• **What you need to do**
Please copy the lines below, exactly as they are, from the one with "Cinderford St Johns" through the one with "Women's Y2k Lounge", and leave out the pictures.

• **Records**
+ + +

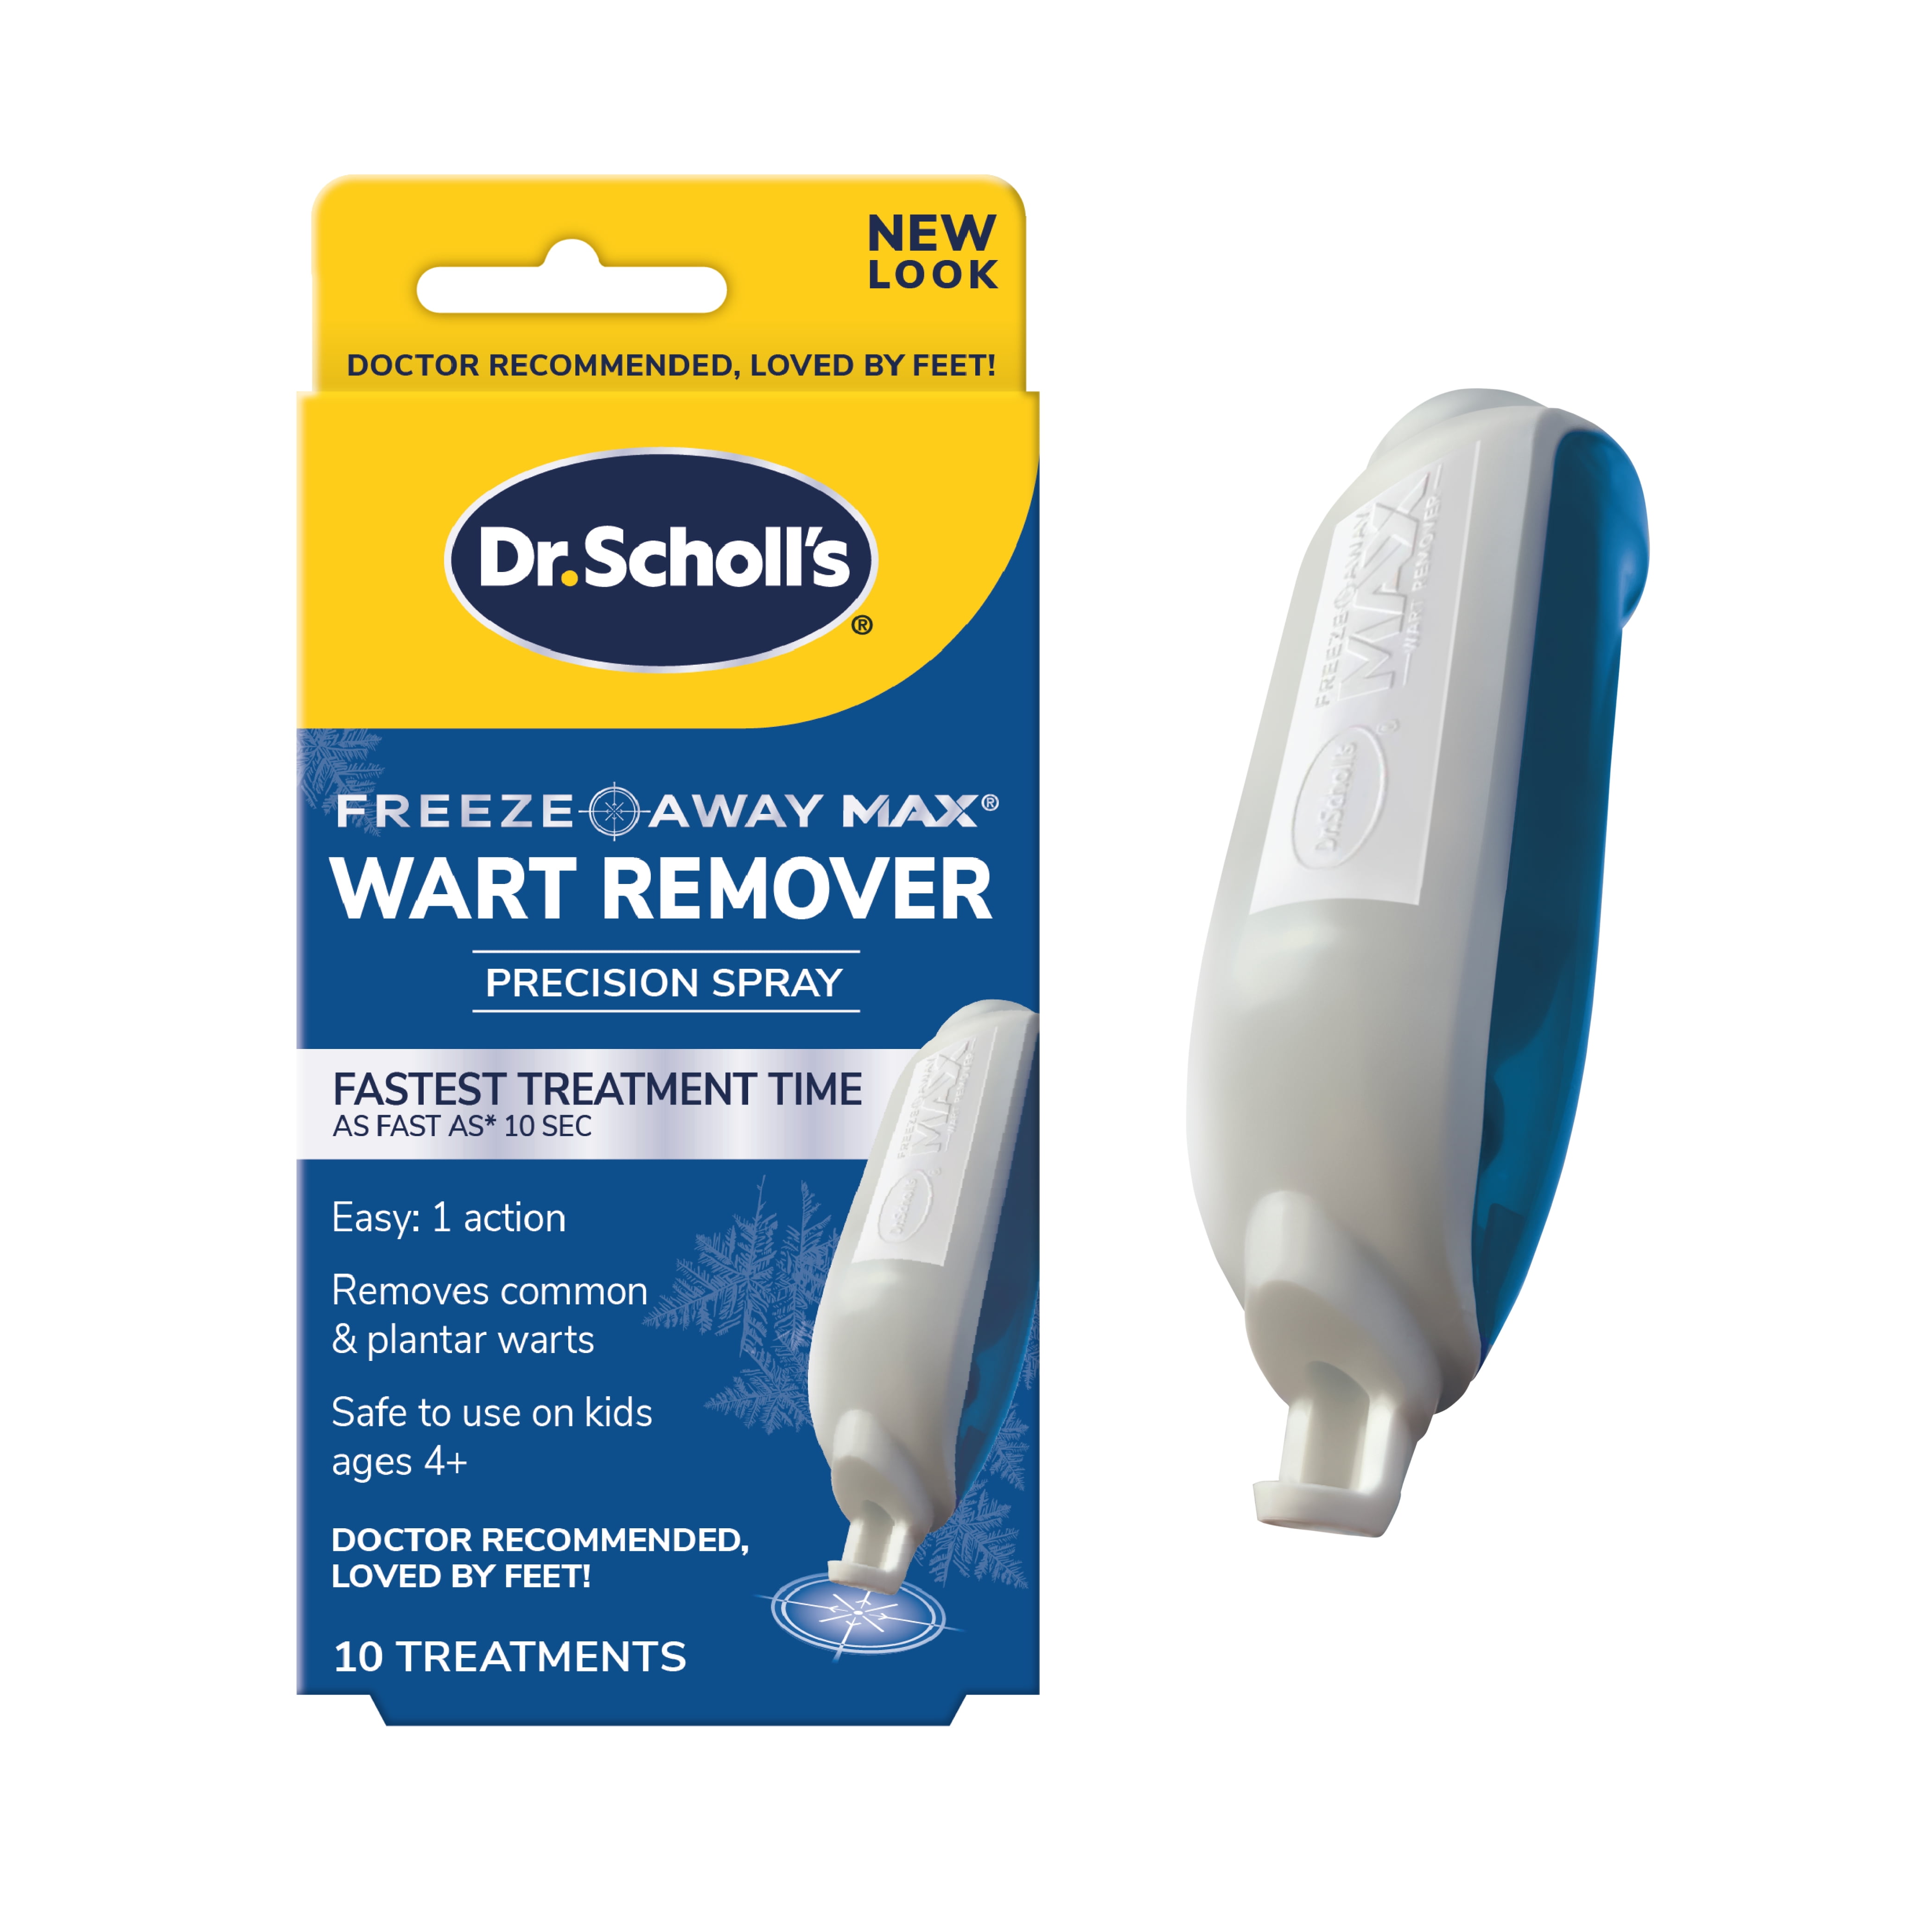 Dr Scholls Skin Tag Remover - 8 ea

+ + +

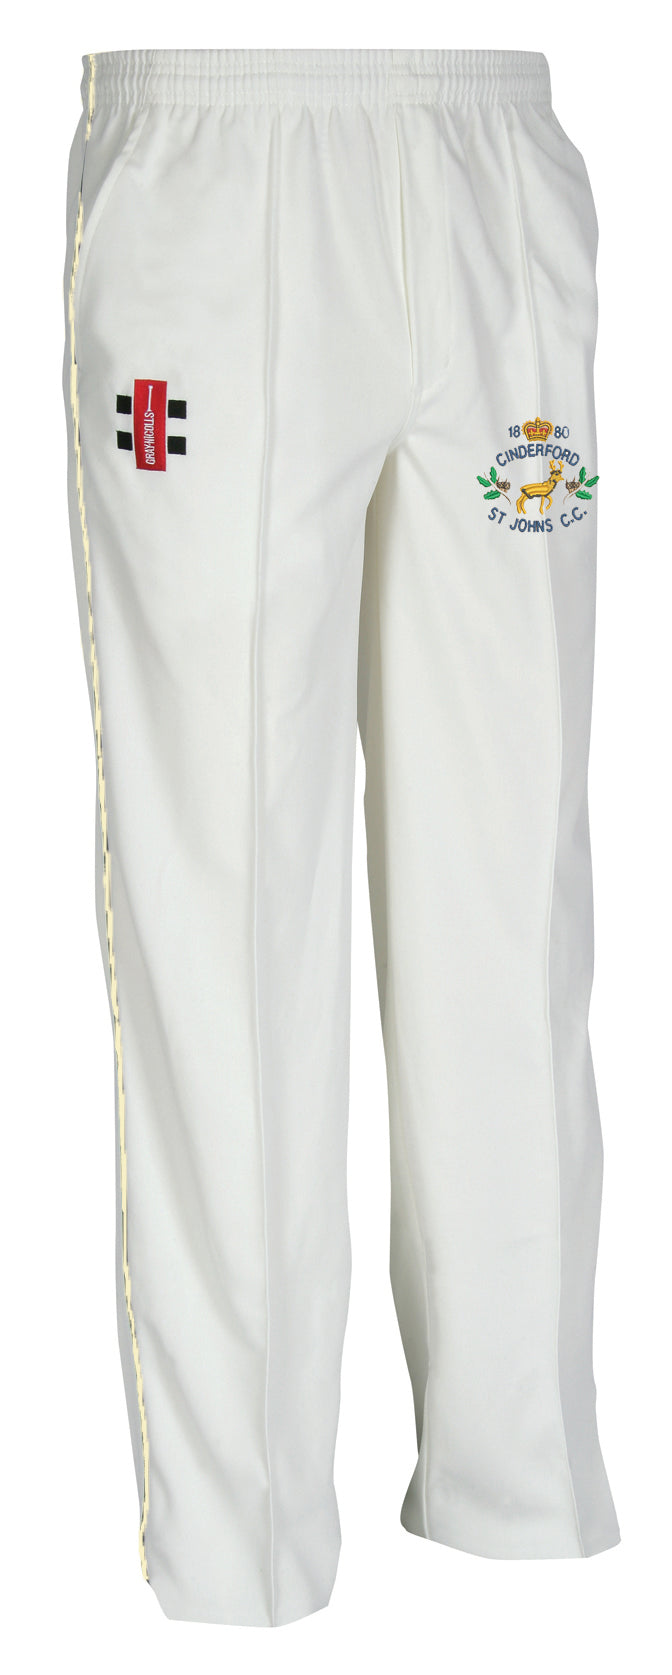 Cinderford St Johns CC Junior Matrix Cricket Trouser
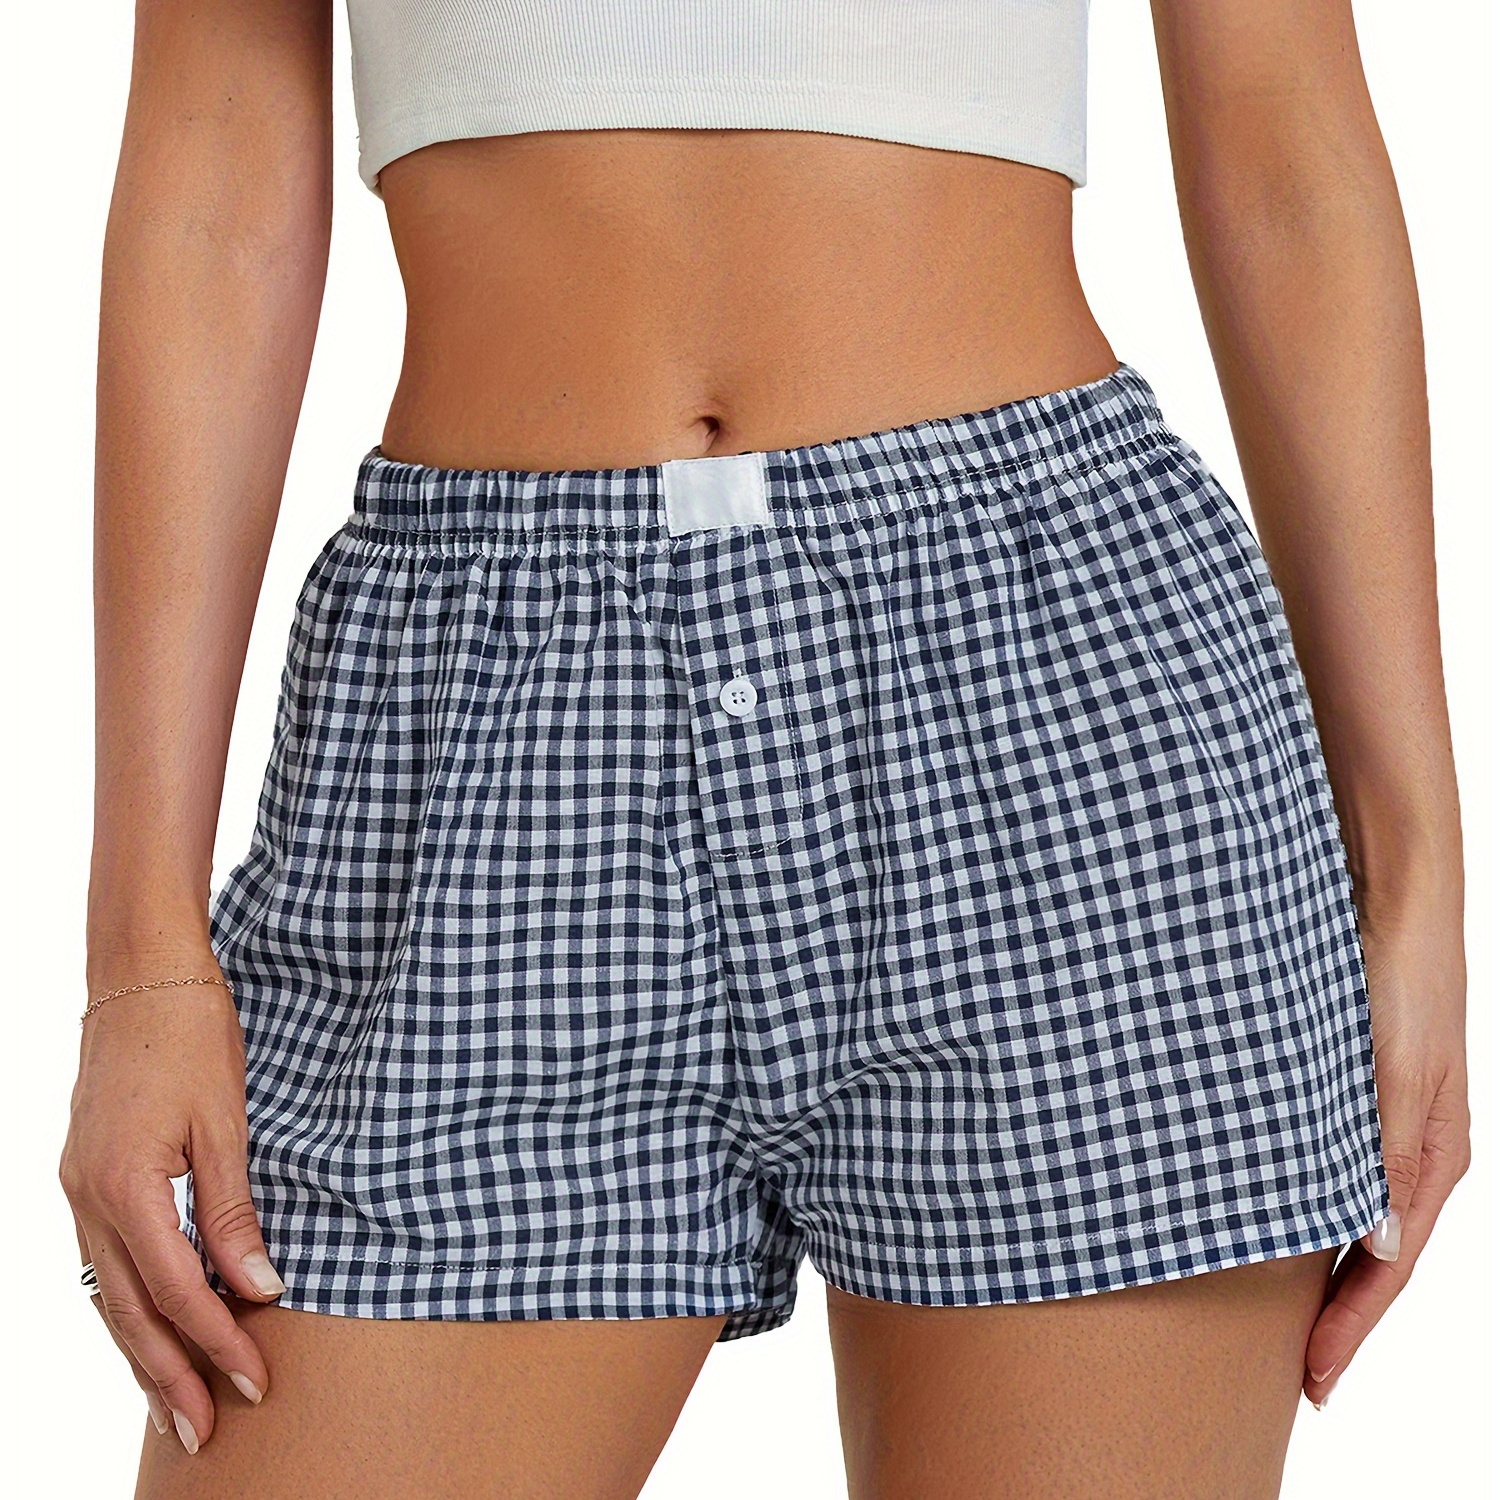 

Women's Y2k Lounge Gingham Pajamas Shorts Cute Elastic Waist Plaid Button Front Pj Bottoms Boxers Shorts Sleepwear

+ + +

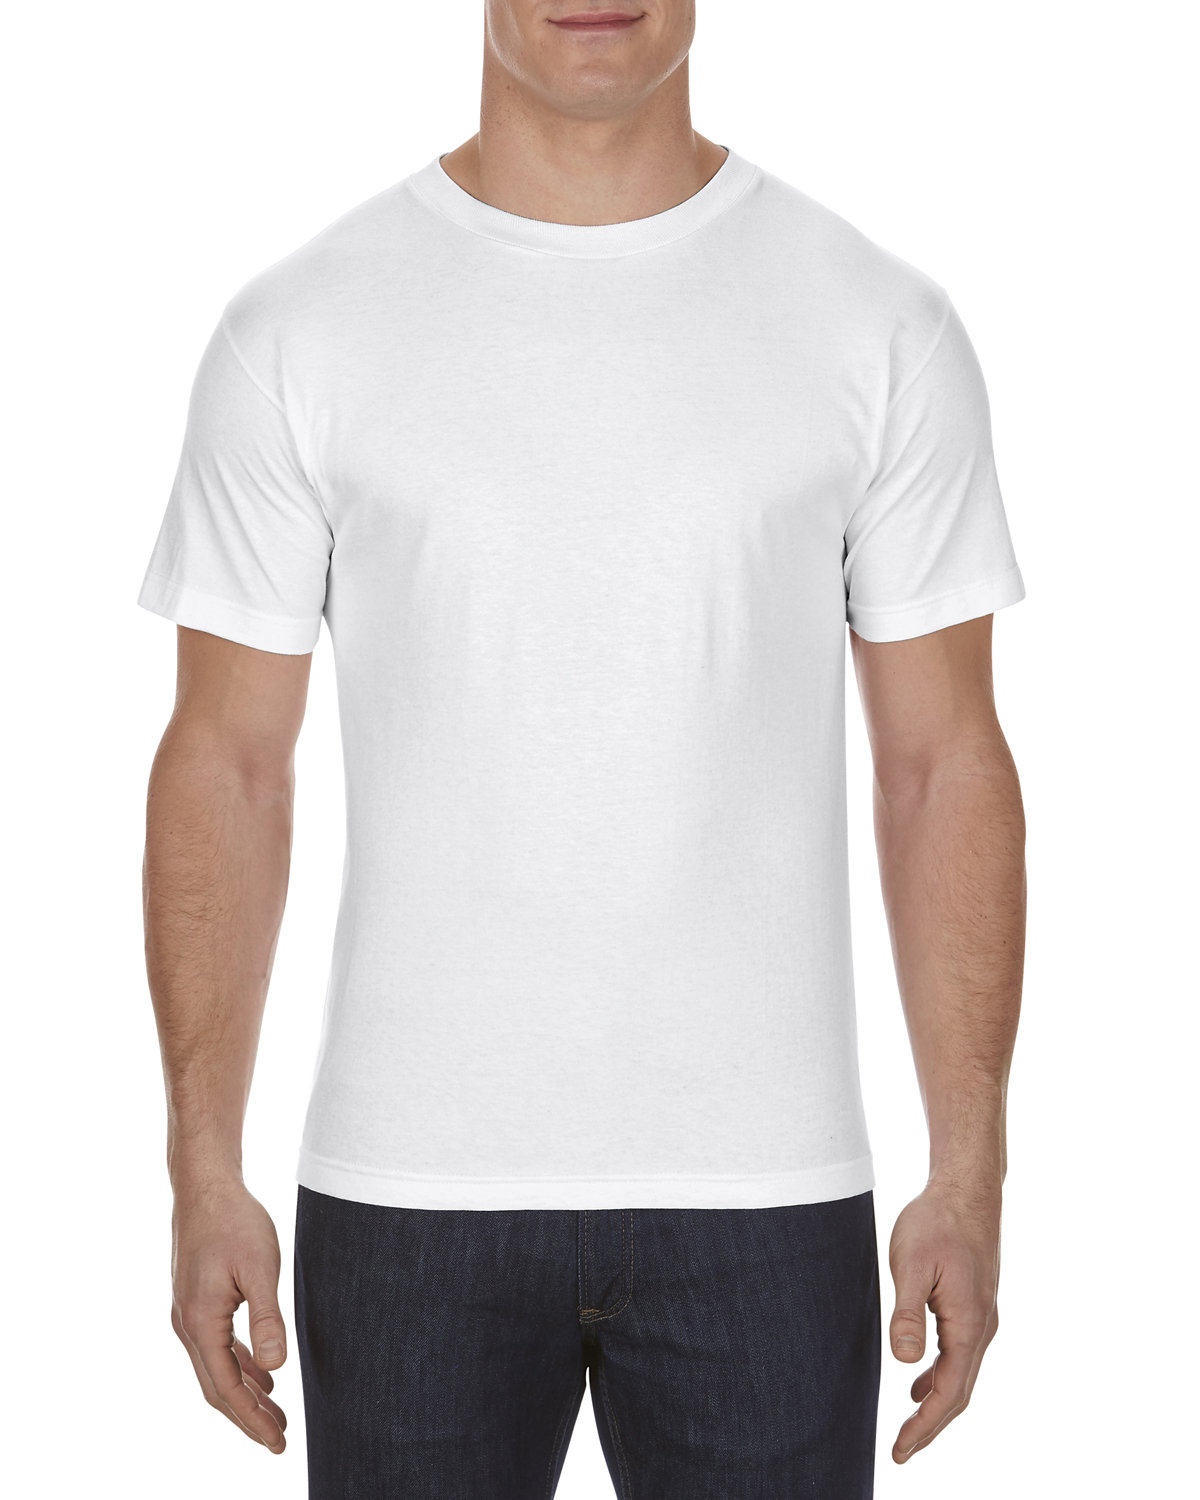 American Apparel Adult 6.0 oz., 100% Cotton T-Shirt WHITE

+ + +

• **Exercise output**
 Cinderford St Johns CC Junior Matrix Cricket Trouser

Women's Y2k Lounge Gingham Pajamas Shorts Cute Elastic Waist Plaid Button Front Pj Bottoms Boxers Shorts Sleepwear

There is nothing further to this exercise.